• Work required: Pictures excluded, retype the lines from the one containing "Inrnment Package 1 rev021622 1536x826 1" through the last line of the data below, both included.

• Information provided:

......

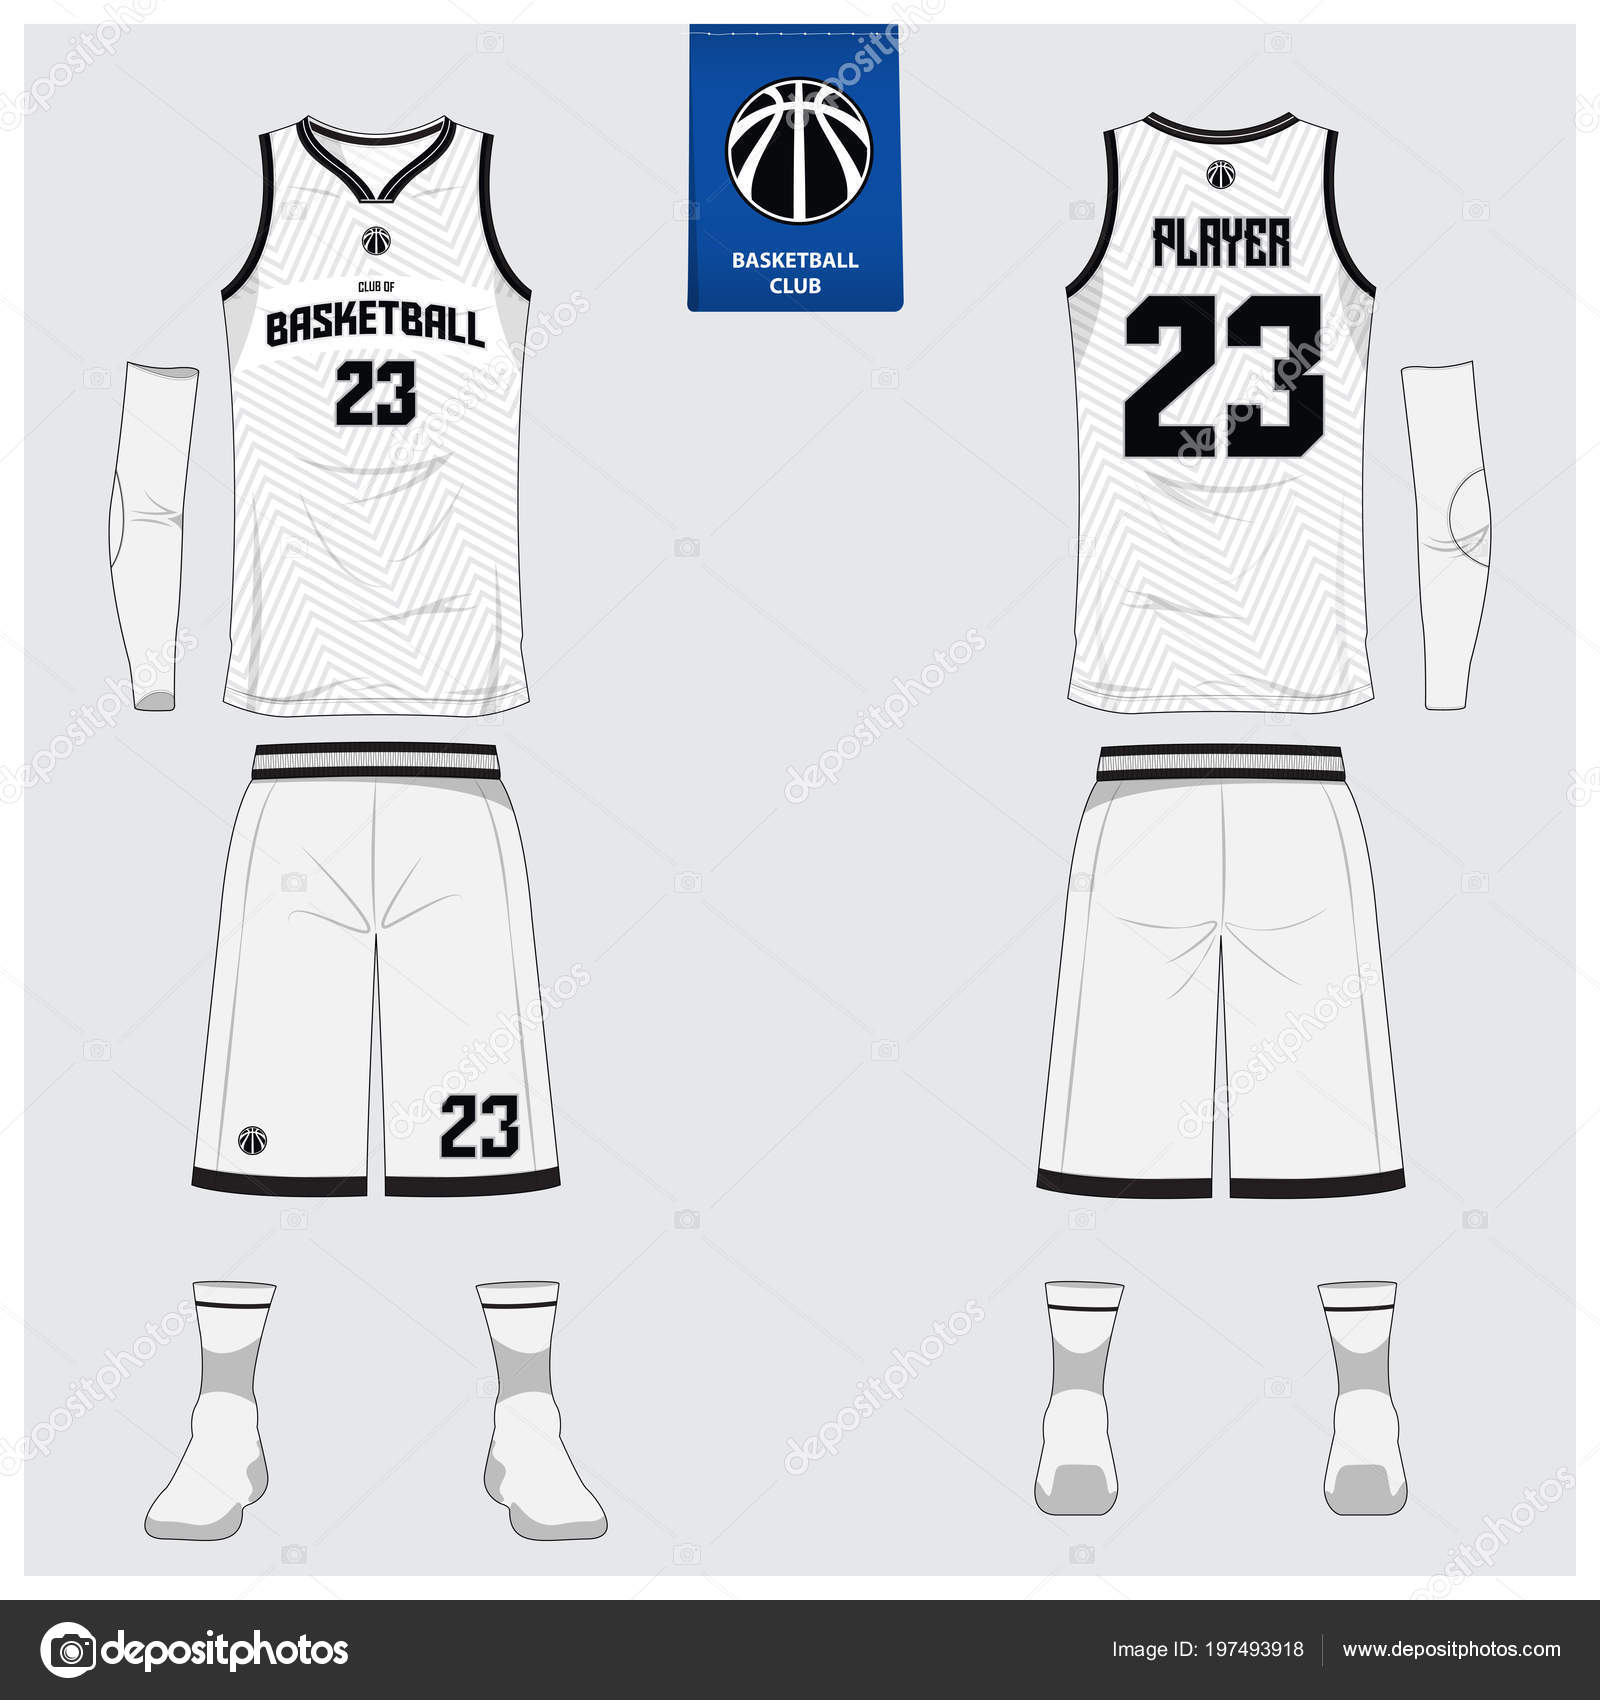 21,21 Basketball jersey template Vector Images, Basketball jersey For Blank Basketball Uniform Template
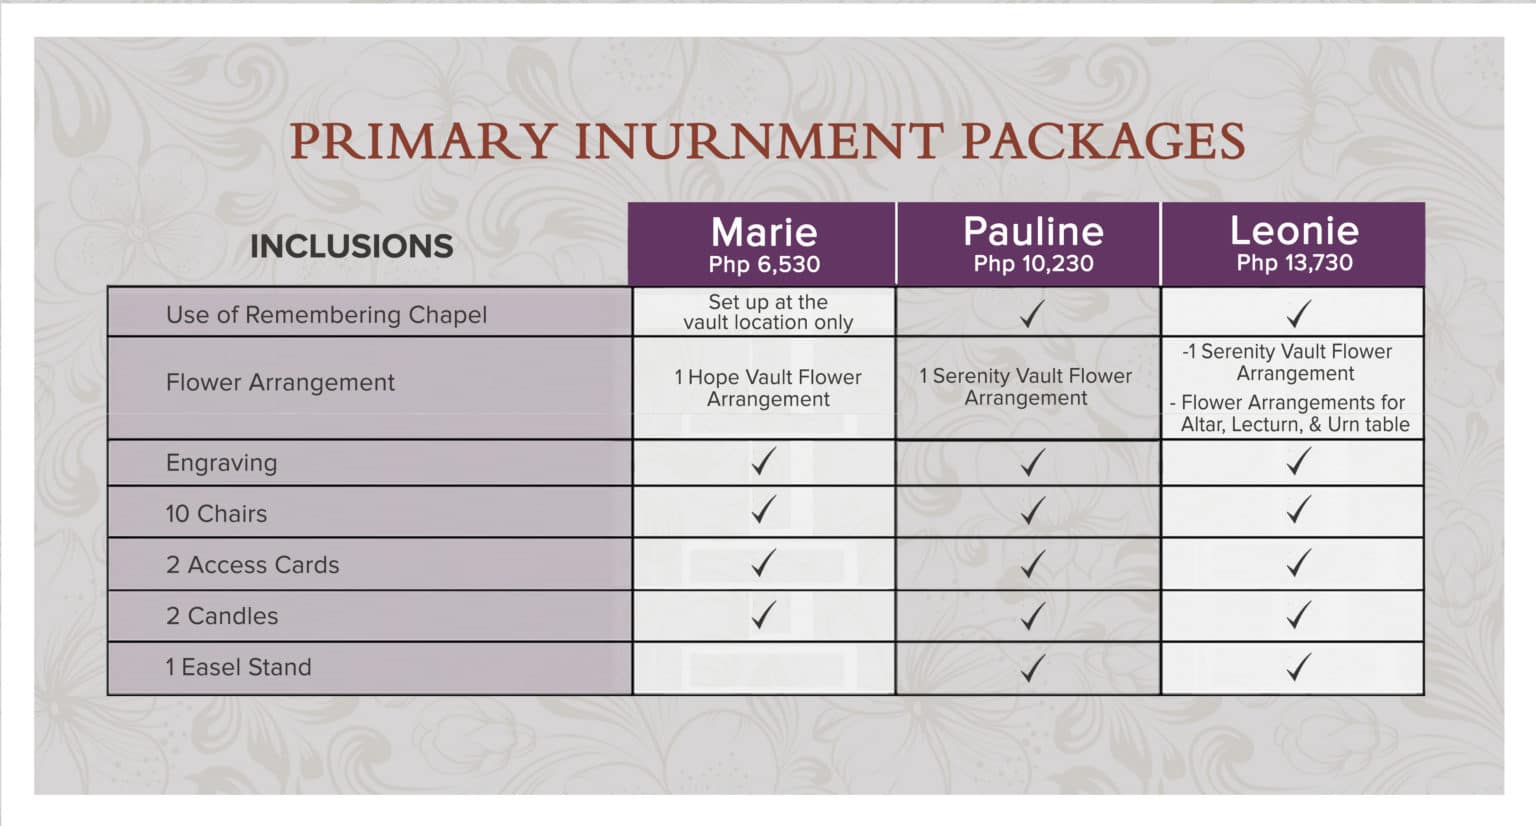 Inrnment Package 1 rev021622 1536x826 1
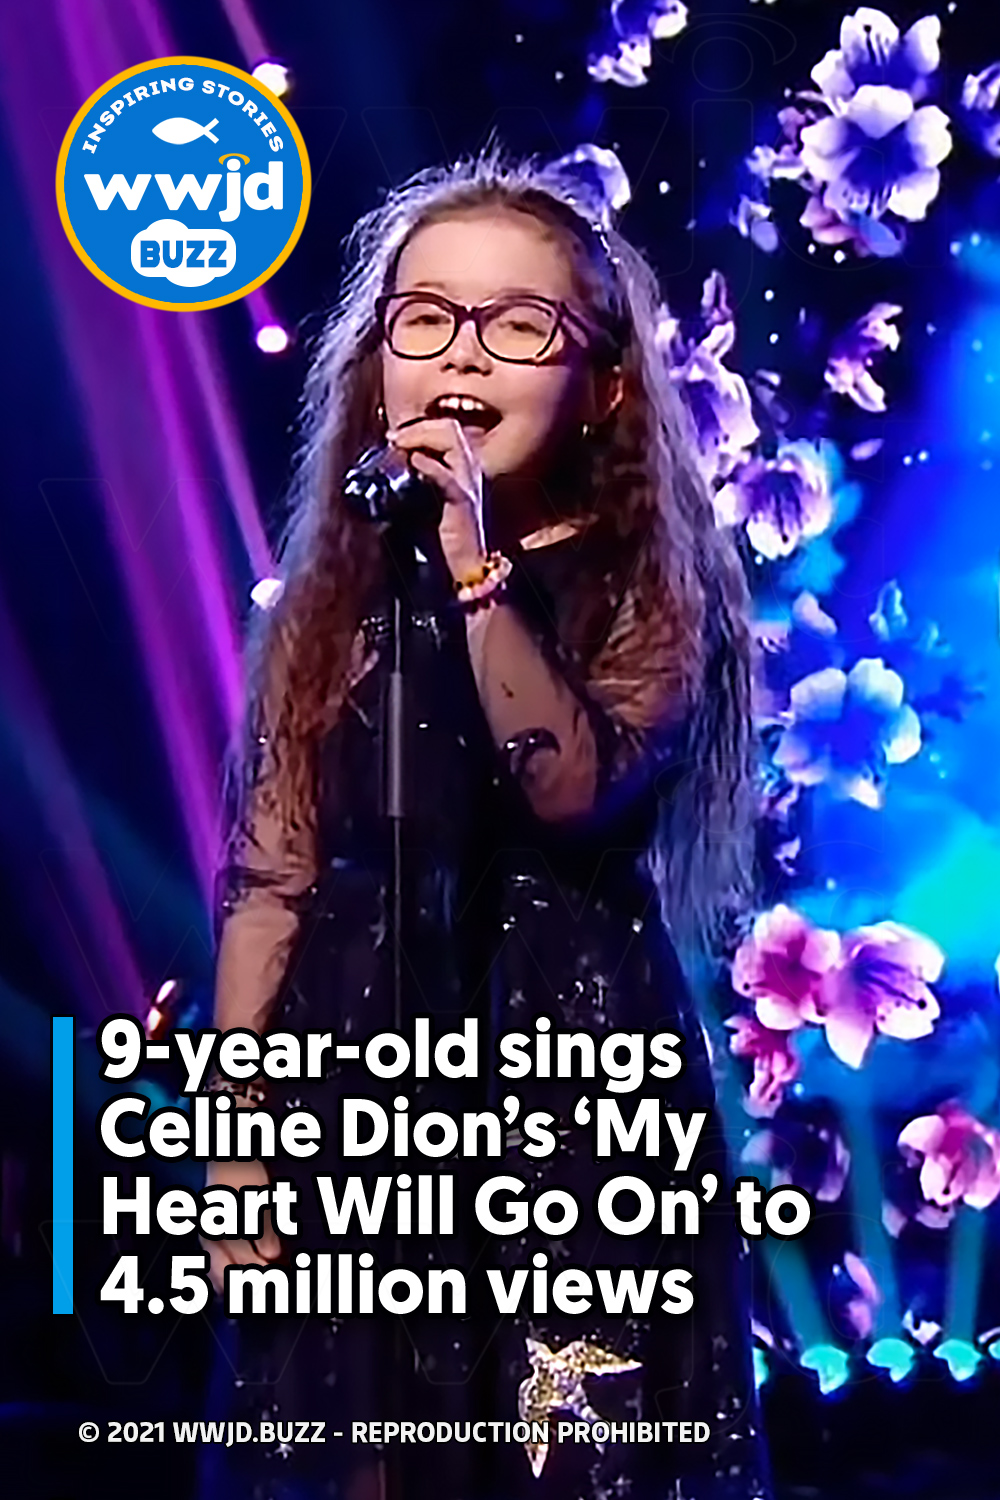 9-year-old sings Celine Dion’s ‘My Heart Will Go On’ to 4.5 million views

......

• Solution for this exercise:
 Inrnment Package 1 rev021622 1536x826 1
 9-year-old sings Celine Dion’s ‘My Heart Will Go On’ to 4.5 million views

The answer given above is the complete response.